In another set of experiments (see
Figures 9 and
11), we focused on single face recognition in peripheral vision. Using a single Mooney face discrimination task, we showed that holistic face recognition occurs in peripheral vision (i.e., a better recognition performance for upright than for inverted faces; see
Figure 11A, upright versus inverted), reproducing the results found in
Canas-Bajo & Whitney (2020) and in line with old and recent literature (
Farah et al., 1995;
Rossion, 2008;
Sergent, 1984;
Yin, 1969). The advantage in recognizing upright Mooney faces speaks for a differential processing involved between inverted (low-level) and upright (holistic) faces. These results cannot be explained by models of crowding based on simple pooling. According to this class of models, the two-tone black and white blobs constituting a Mooney face should crowd themselves in peripheral vision (e.g., see
Figure 11B), thus becoming more unrecognizable when increasing in eccentricity (
Martelli, Majaj, & Pelli, 2005). Instead, our results show that the representation of these object parts nevertheless survives crowding (see also
Manassi & Whitney, 2018), allowing holistic recognition of Mooney faces.
Using a mongrel Mooney face discrimination task, we showed that the low-level visual information that would allow to discriminate a face from a non-face object is irretrievably lost in the pooling stage of the TTM. Despite the high dimensionality of the pooling in the TTM, at increasing eccentricities the features that compose the faces crowd each other in the model and cannot be used for further processing in the mongrel face discrimination task (see
Figure 11B).

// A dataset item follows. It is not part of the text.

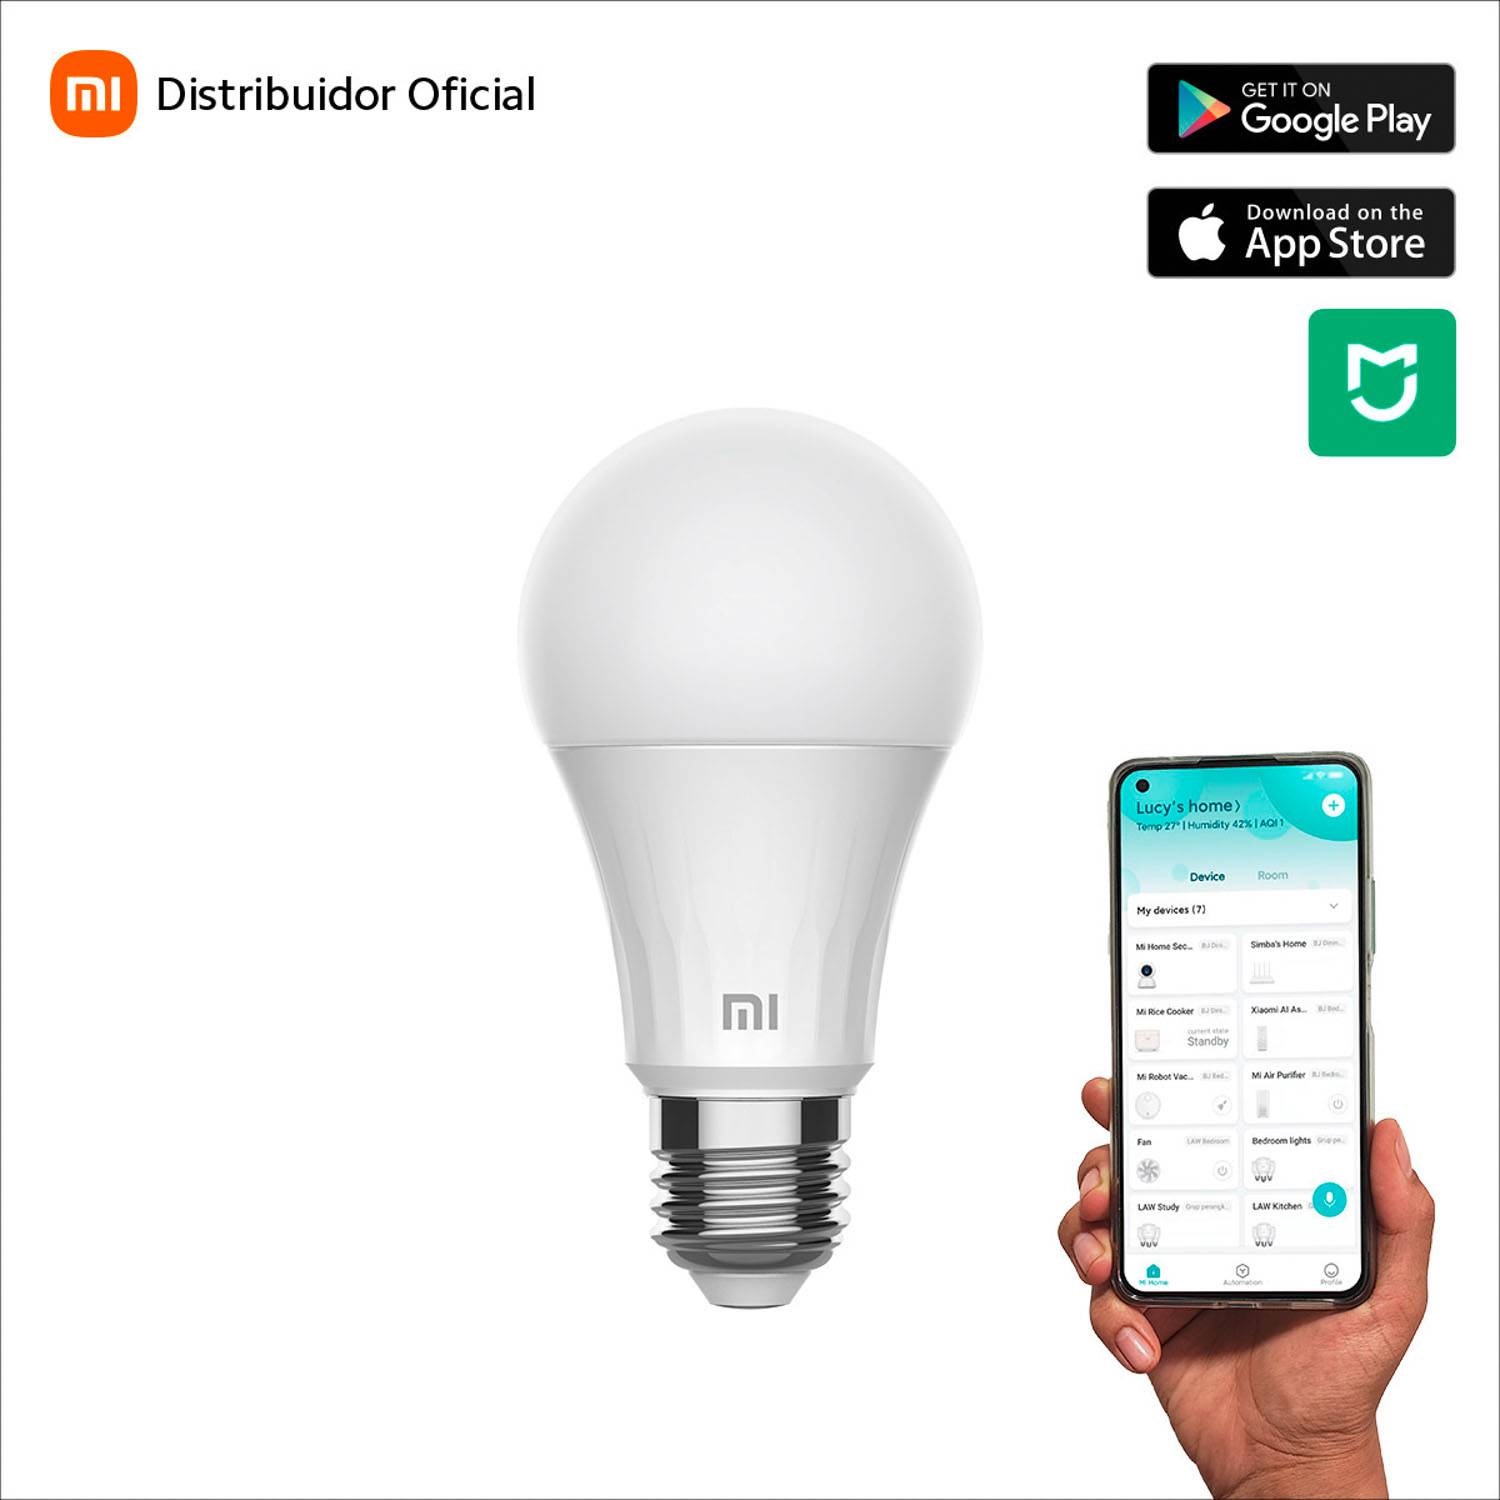 Xiaomi Mi LED Smart Bulb Bombilla Inteligente 8W E27 Blanco Cálido

This is in contradiction with the results of the single face discrimination task we performed (see
Figure 11A;
Canas-Bajo & Whitney (2020), and with recent evidence that stimulus information on several levels of visual processing can survive crowding and influence subsequent perceptual judgments (
Faivre & Kouider, 2011a;
Faivre & Kouider, 2011b), including face-level information (
Kouider, Berthet, & Faivre, 2011).
Next, we focused on holistic face crowding (as found in Experiment 6 of
Farzin et al., 2009; see
Figure 12A), in which upright flanker faces yielded more crowding than inverted ones in a gender face discrimination task. This inversion effect showed that crowding can occur selectively between high-level holistic representations conveyed by Mooney faces.
Rosenholtz et al. (2019) suggested that the TTM could predict these results without requiring high-level feature interactions. Instead, holistic effects might be driven, in a post-perceptual stage, by the rich information that survives high-dimensional pooling in the TTM.

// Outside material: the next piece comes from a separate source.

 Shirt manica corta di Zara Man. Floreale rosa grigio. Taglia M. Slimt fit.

We tested this hypothesis in practice. Using a mongrel gender crowding discrimination task (see
Figure 10), we showed that the TTM did not reproduce holistic face crowding (see
Figure 12B). Although crowding occurred in the TTM when face flankers were added, there was no effect of flanker face orientation on the TTM performance. In other words, the high-dimensional pooling stage of the TTM did not preserve enough information to drive holistic processing in a post-perceptual stage. This result gives more support to the hypothesis that crowding happens selectively between high-level representations and cannot arise from low-level accounts, even using a high-dimensional pooling stage.
It was recently argued that the face crowding results in
Farzin et al. (2009) may be due to differences in flankers reportability (
Reuther & Chakravarthi, 2019;
Rosenholtz et al., 2019). When target and flankers belong to the same category (upright faces as target and flankers), crowding may arise in part from reporting the flankers’ gender instead of the target one (substitution errors). However, when target and flankers belong to different categories (upright face as target and inverted faces as flankers), substitution errors are less likely to occur because flankers cannot be inadvertently reported. Hence, the decrease in crowding strength may be ascribed to the lack of substitution errors. As in the target cueing argument (see
Figure 8), this explanation assumes that target location uncertainty (and substitution errors, as a consequence) plays a crucial role in crowding, driving the entire difference in crowding strength between upright and inverted face flankers. However, this argument assumes that, prior to target-flanker substitution, upright/inverted faces are processed differently, thus implying some kind of holistic face processing, just as
Farzin et al. (2009) suggested. Indeed, if participants can avoid inadvertently reporting the gender of an inverted flanker face if it is swapped for the target due to location uncertainty, it means that this face needs to be identified as an inverted face. This requires holistic processing, especially for Mooney faces (which cannot be identified using low-level cues). Moreover, the results we obtain in the gender discrimination task (see
Figure 12B) suggest that this is not what happens in the TTM.